I live in West Hempstead on Long Island (Nassau County). I signed up for an 8 week beginner class at the Petsmart on Levittown (not the puppy kindergarten) for $130 for 8 weeks, but I'm wondering if I can do better.

Any thoughts/leads?


----------



## ama0722 (Nov 28, 2006)

You should check if there is an AKC obedience club near you. I have found that usually these clubs offer the cheapest puppy classes (most are non profit and the trainers are volunteers) but more so the trainers are the most knowledgeable as they have trained dogs their entire lives and are usually performing with their own dogs. Everywhere I have lived (except here unfortunately) I have been involved in the local obedience club with my dogs and have really enjoyed it. Classes are in a group setting and I think perfect for puppies and if you become a member and take future classes, they are usually discounted.

Good luck!
http://www.akc.org/clubs/search/


----------



## MarkF (Nov 9, 2009)

That was a great suggestion.
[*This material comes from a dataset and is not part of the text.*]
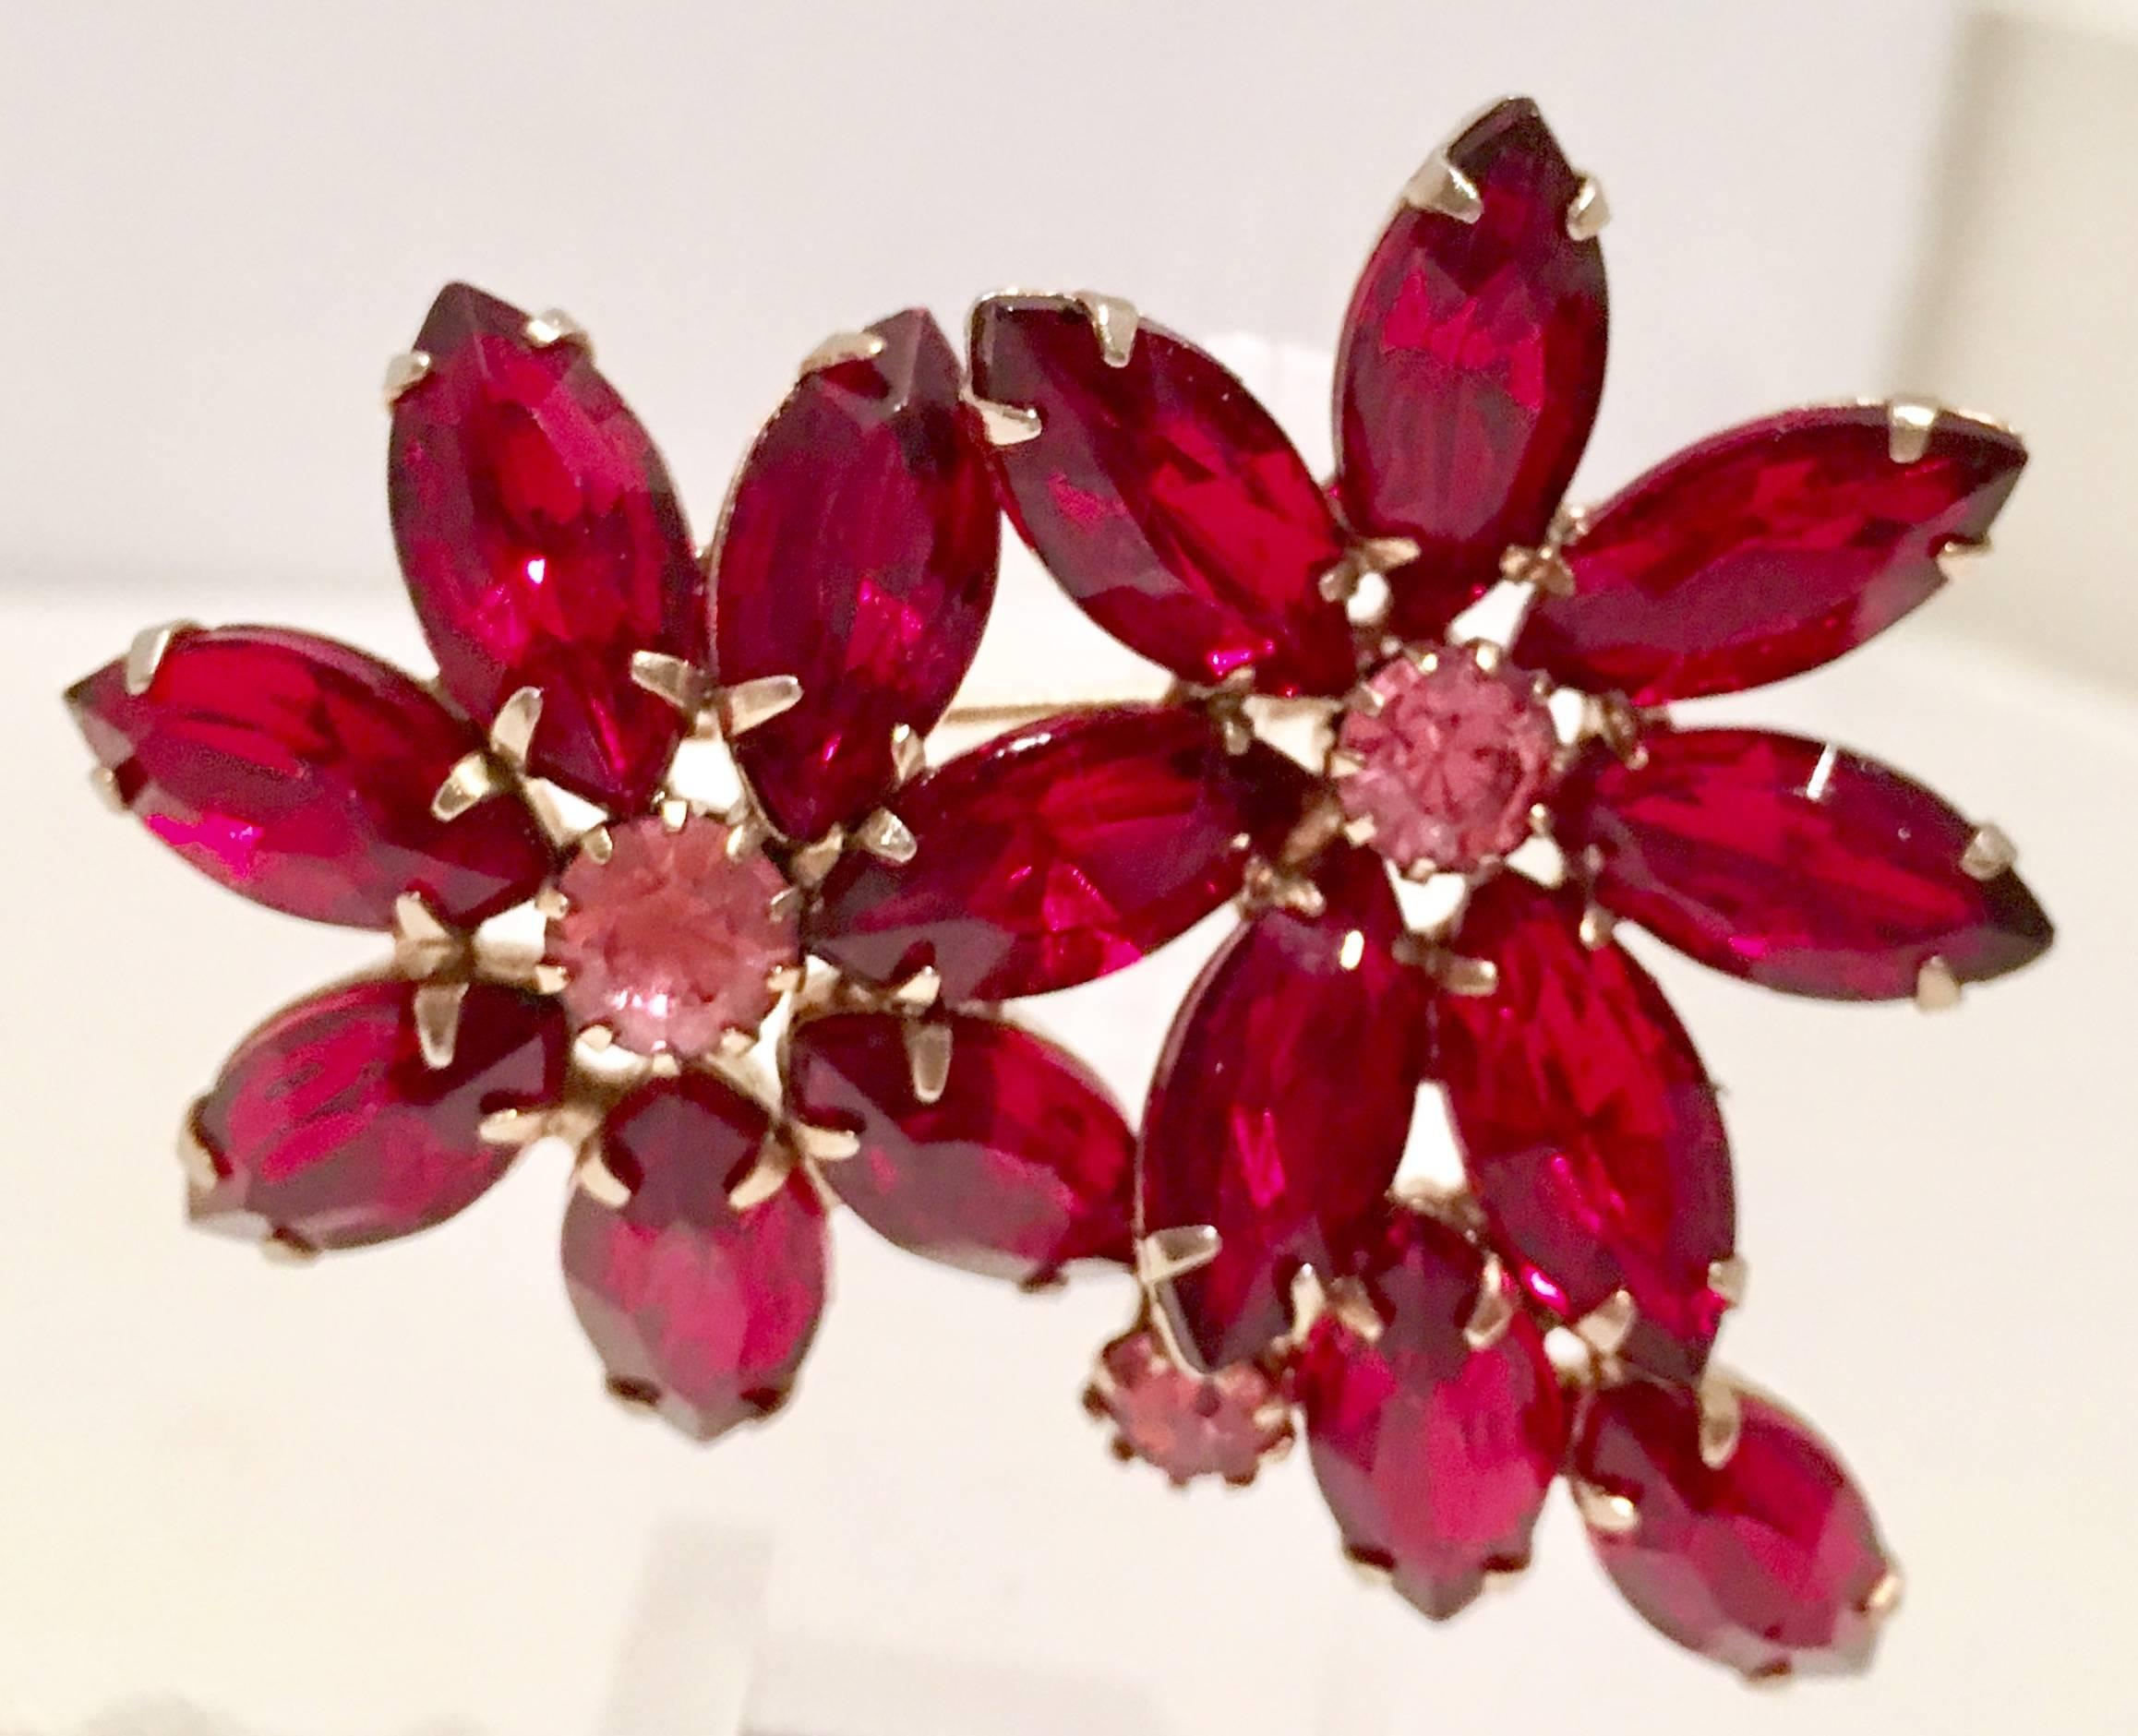 Brilliant prong set ruby and pink sapphire Austrian Crystal three dimensional double flower brooch, set in gold tone metal.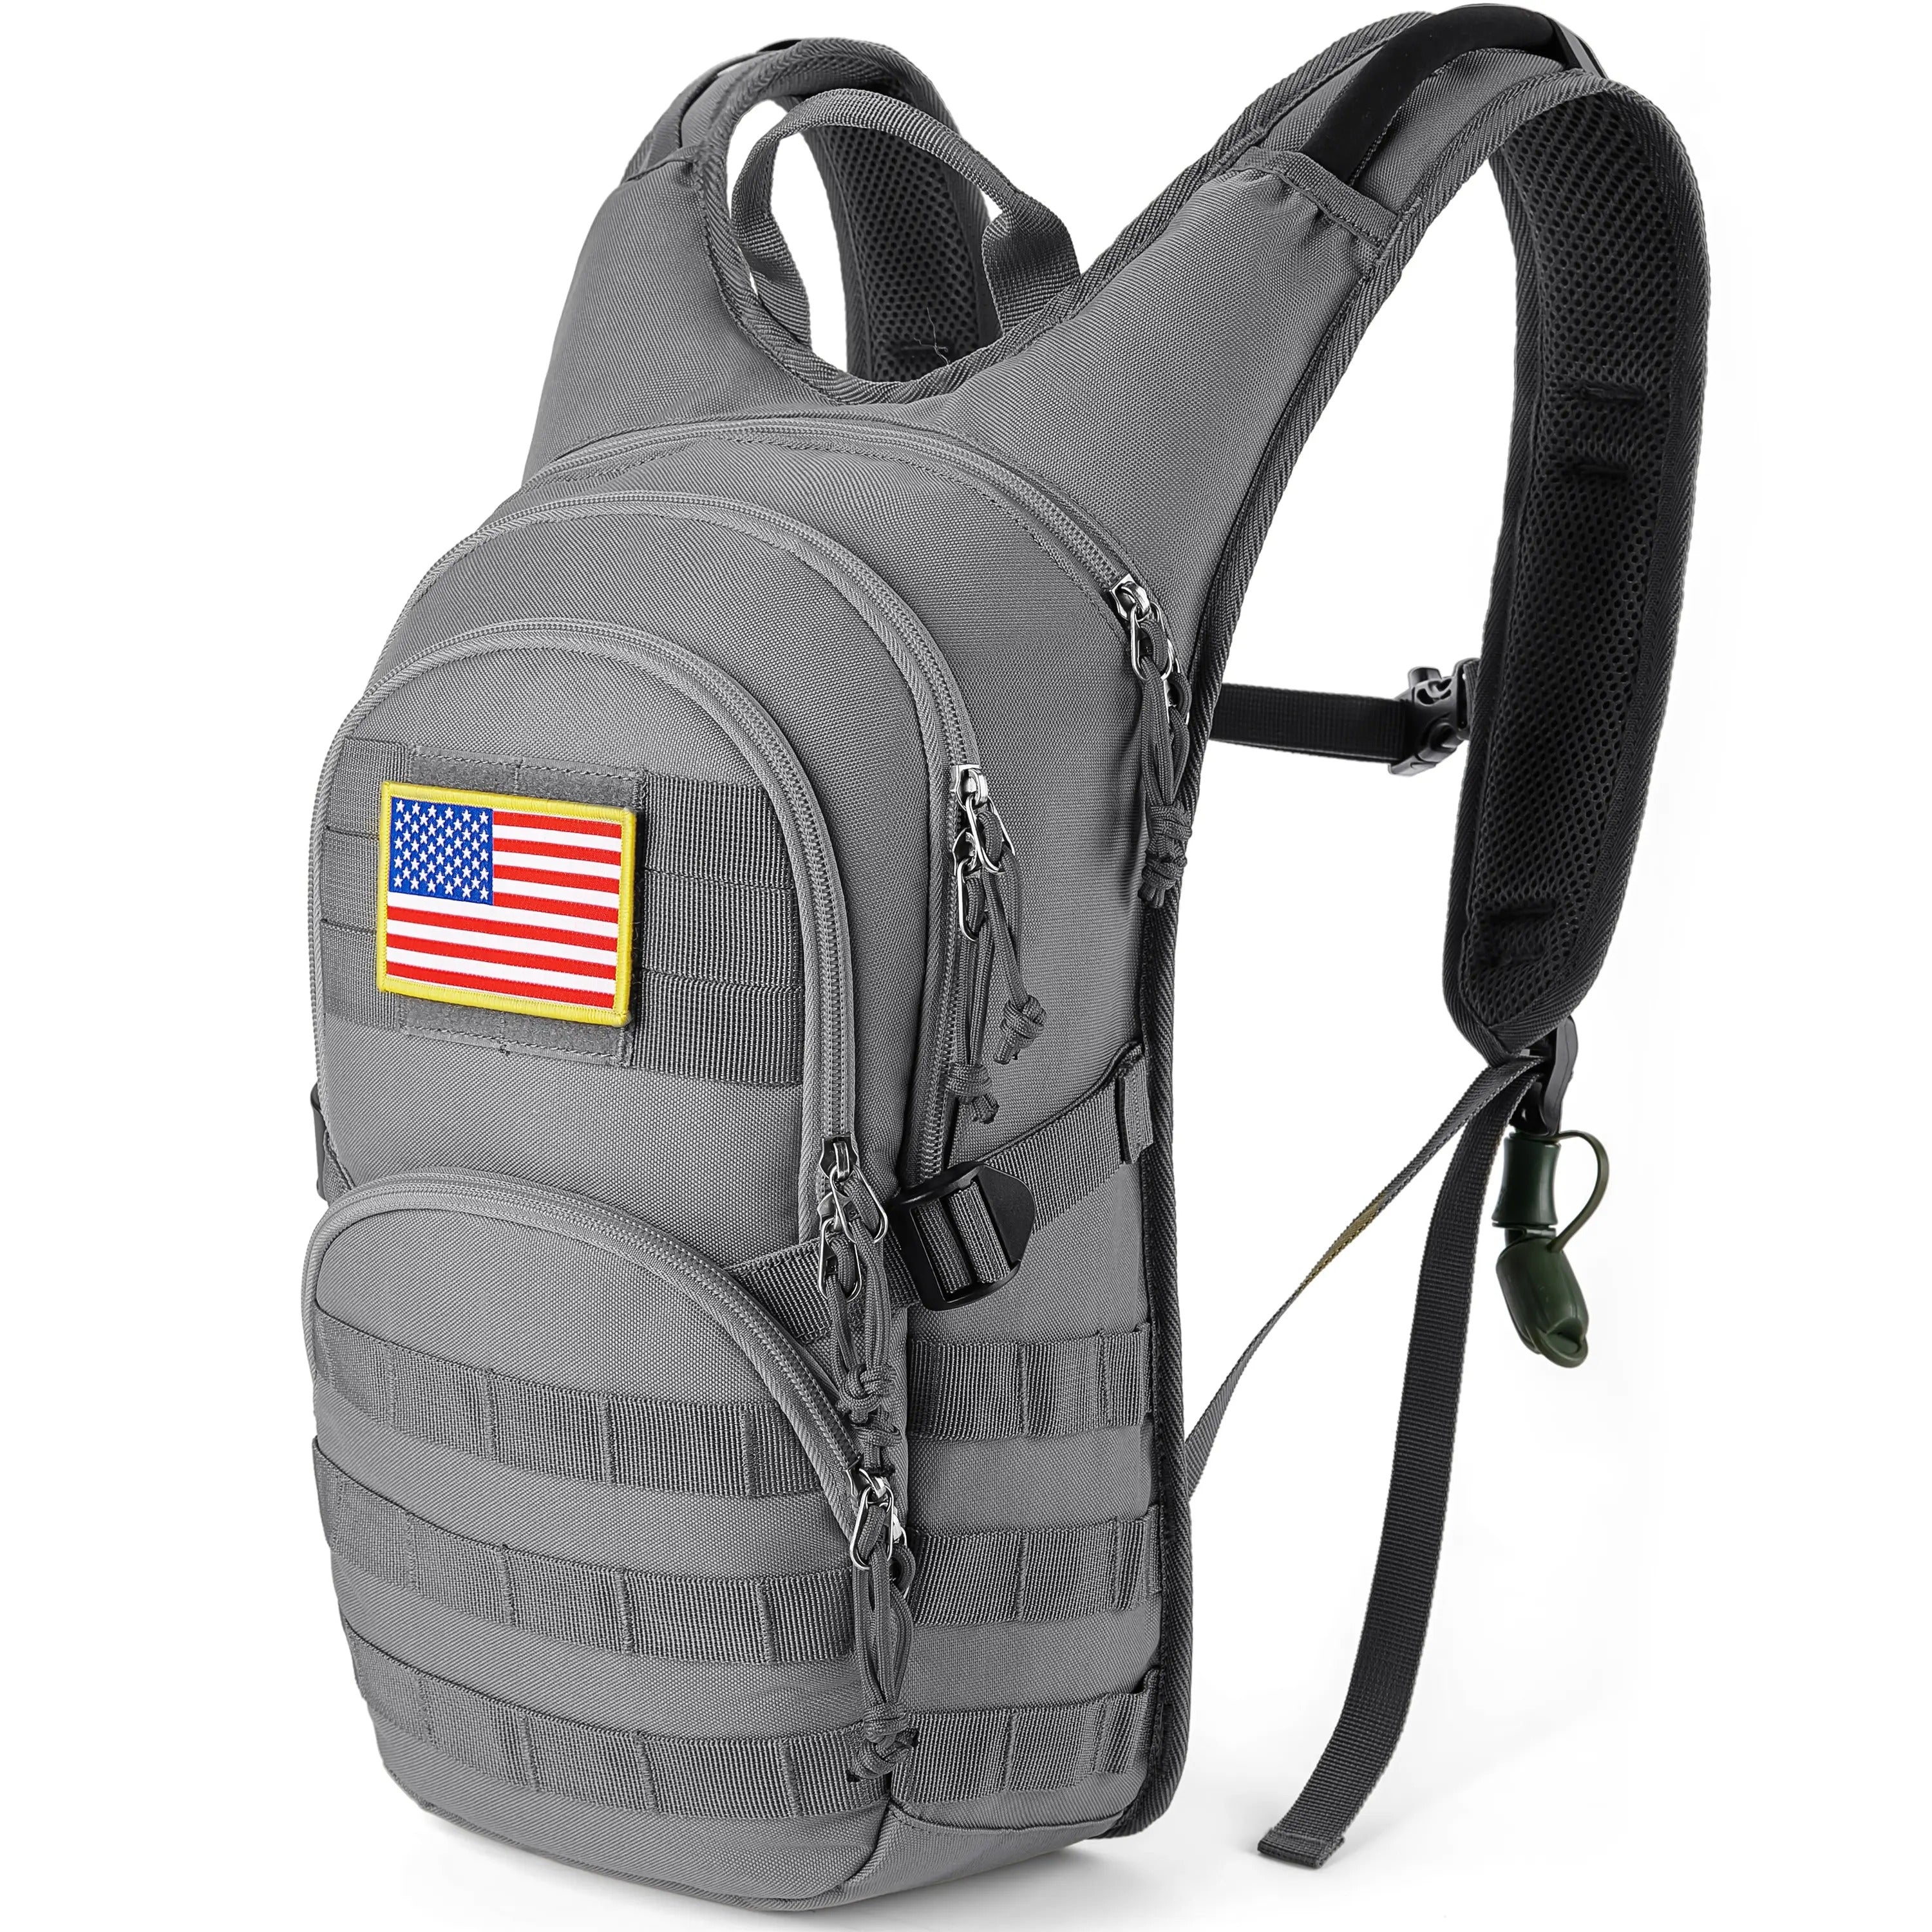 Running Hydration Backpack - Gray

There is a club 7 minutes from my house and they are starting a new class in 2 weeks. Now I just have to see if the start time is late enough in the day for me to make it.

Thanks for the lead.


----------



## irnfit (Nov 21, 2006)

Hi, Mark. We're almost neighbors. I'm in Lynbrook, closer to Malverne end of town. Where did you find a class? I took mine to a class in East Rockaway.


----------



## MarkF (Nov 9, 2009)

I signed up at the Petsmart in Levittown, but then I found the found classes through the AKC website which is located in Franklin Square (7 minutes from my house).

http://nassaudogtrainingclub.org/default.aspx


----------